I think I need to do u=tan(3y)? Maybe not even close? ,

4. anonymous

or u=tanx? So du=sec^2x?

5. anonymous

Anyone have any clue?

6. anonymous

turing test ..do u knw c++?

7. TuringTest

yes, that will work, but it's$u=\tan(3y)$$du=3\sec^2(3y)$remember to use the chain rule all the way through @shiv no, sorry

8. TuringTest

sorry$u=\tan(3y)$$du=3\sec^2(3y)dy$can't forget the dy! very important

9. anonymous

so would it be $1/3\int\limits_{?}^{?}\tan(u)^6dy?$

10. TuringTest

no,$u=\tan(3y)$so after the sub there should be no tangent left

11. anonymous

oh... its $1/3\int\limits_{?}^{?}u^6du$

12. TuringTest

yep :D

13. anonymous

you are a life saver.

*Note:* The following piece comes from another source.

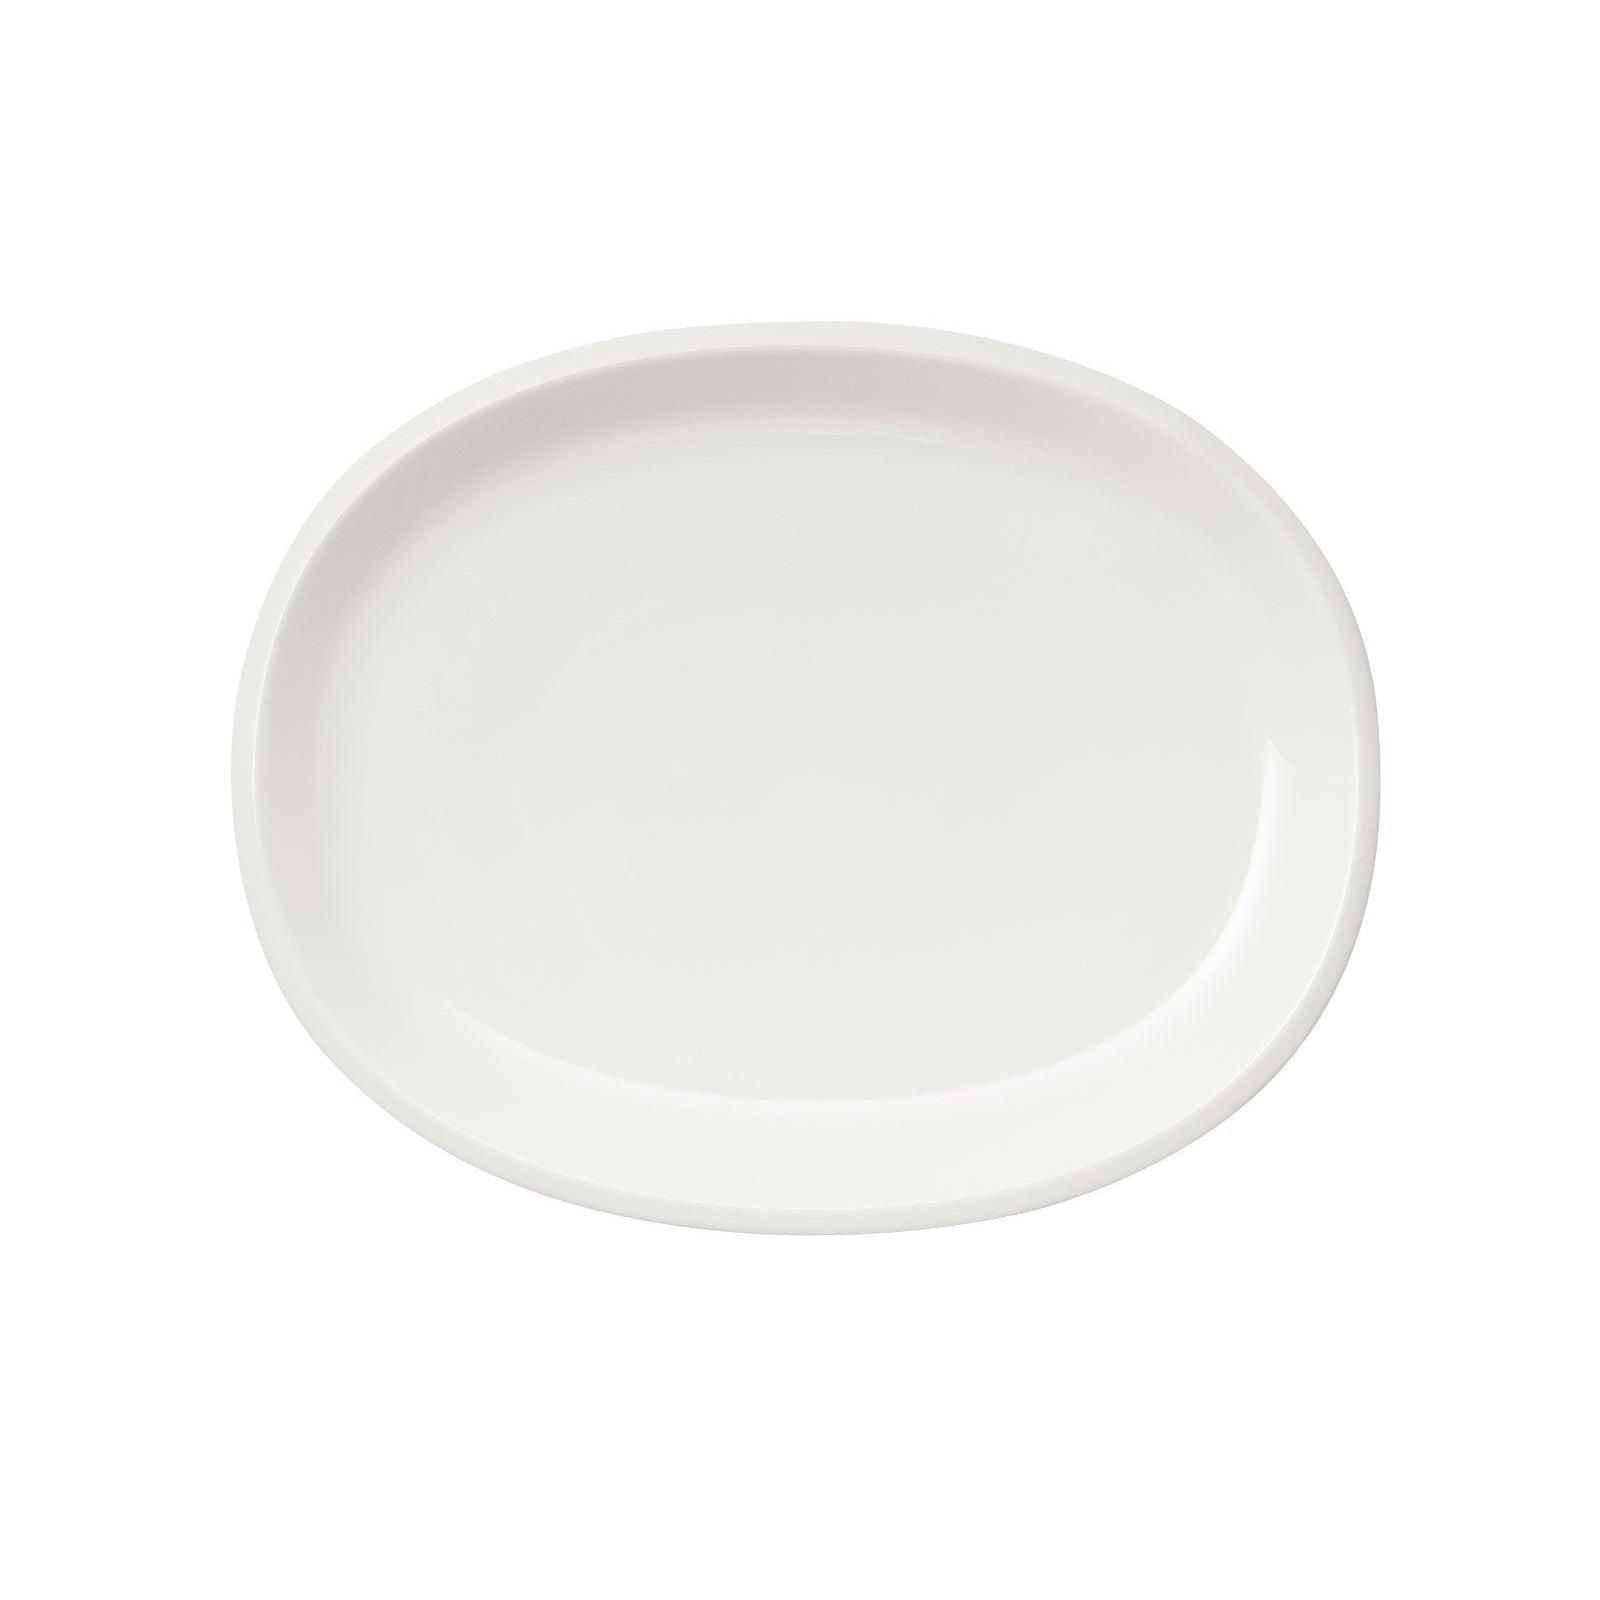 Iittala Raami serwująca talerz biały, 35 cm
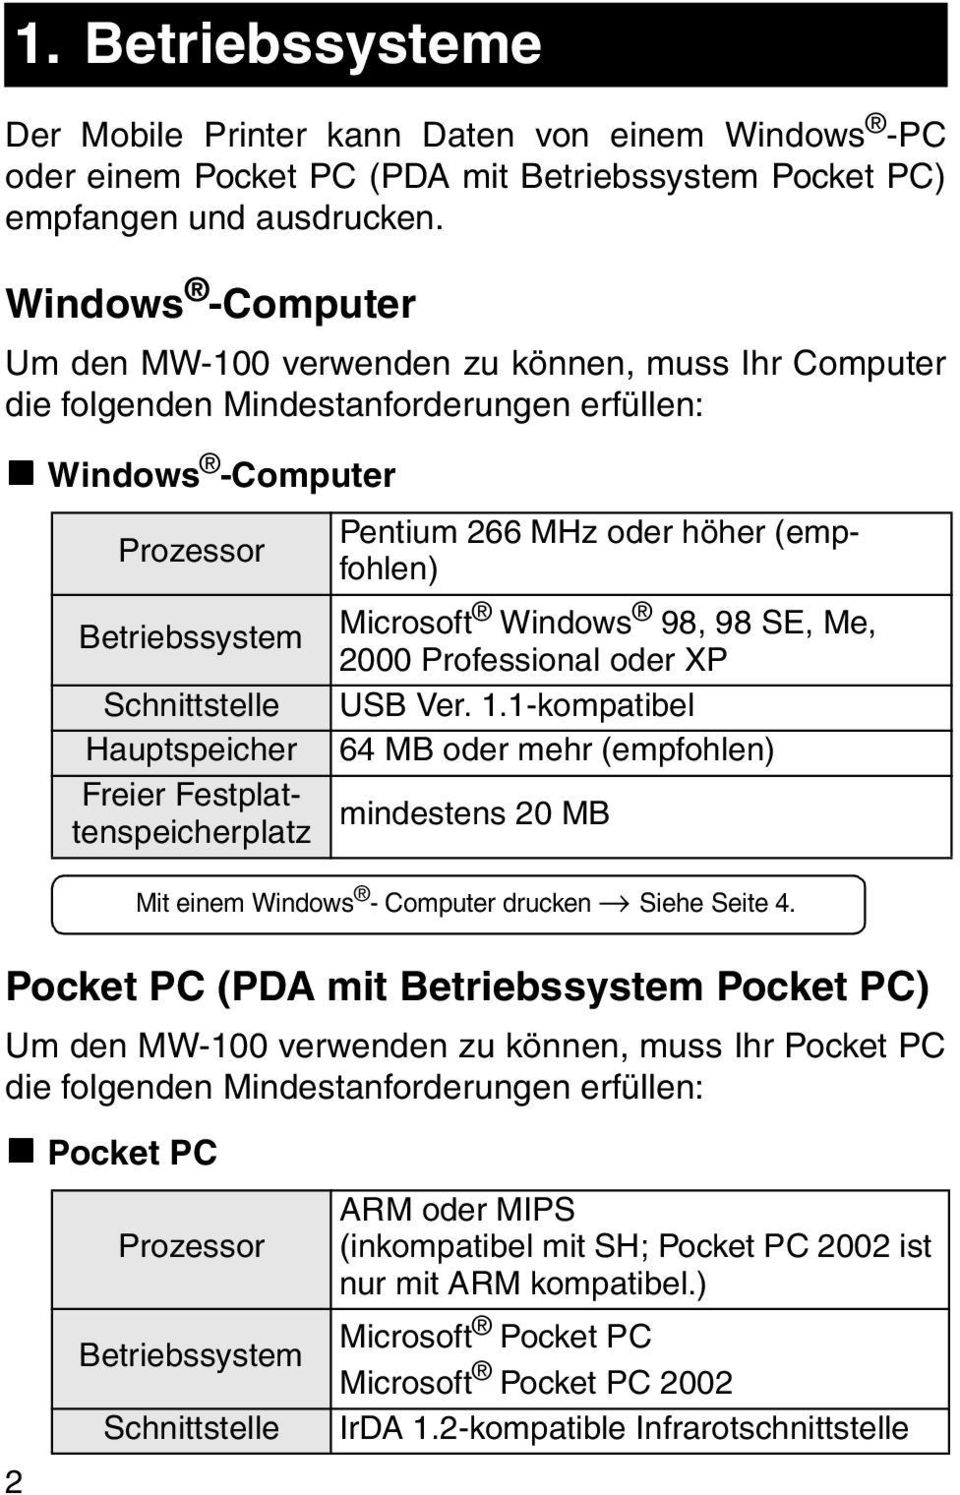 verwenden zu können, muss Ihr Pocket PC die folgenden Mindestanforderungen erfüllen: " Pocket PC 2 Prozessor Betriebssystem Schnittstelle Hauptspeicher Freier Festplattenspeicherplatz Prozessor

Can I just ask you one more quick here

14. TuringTest

sure but I'm headed for dinner so gotta be quick

15. anonymous

ill try. $\int\limits_{-1}^{-1/2}t^-2 \sin^2(1+1/2)dt sorry its t \to the -2 wont show up though$

16. anonymous

Any direction helps. Do i have to set something u ,, then eventually change the limits of integration? I never know when to do that and feel this could be one..

17. TuringTest

$\int t^{-2}\sin^2?dt$sorry, what is the integrand exactly?

18. anonymous

the end is sin^2(1+1/t)

19. anonymous

that 2 was wrong. you got the rest right. evaluated from -1 to -.5

20. TuringTest

$\int t^{-2}\sin^2(1+\frac1t)dt$yes?

21. anonymous

yes

22. anonymous

evaluated from -1 to -1/2 if that changes anything

23. TuringTest

$u=1+\frac1t$you don't have to change the bounds if you turn it back to t at the end, but if you want to evaluate it in terms of u you need to do this:$u_1=1+\frac1{-1}=0$$u_2=1+\frac1{-1/2}=-1$so those are your new limits (if you want to evaluate in terms of u the differential is$du=-t^{-2}dt$so the integral is$-\int_{0}^{-1}\sin udu=\int_{-1}^{0}\sin u du$Ok gotta eat, good luck!

24. anonymous

Thanks a lot! I appreicate it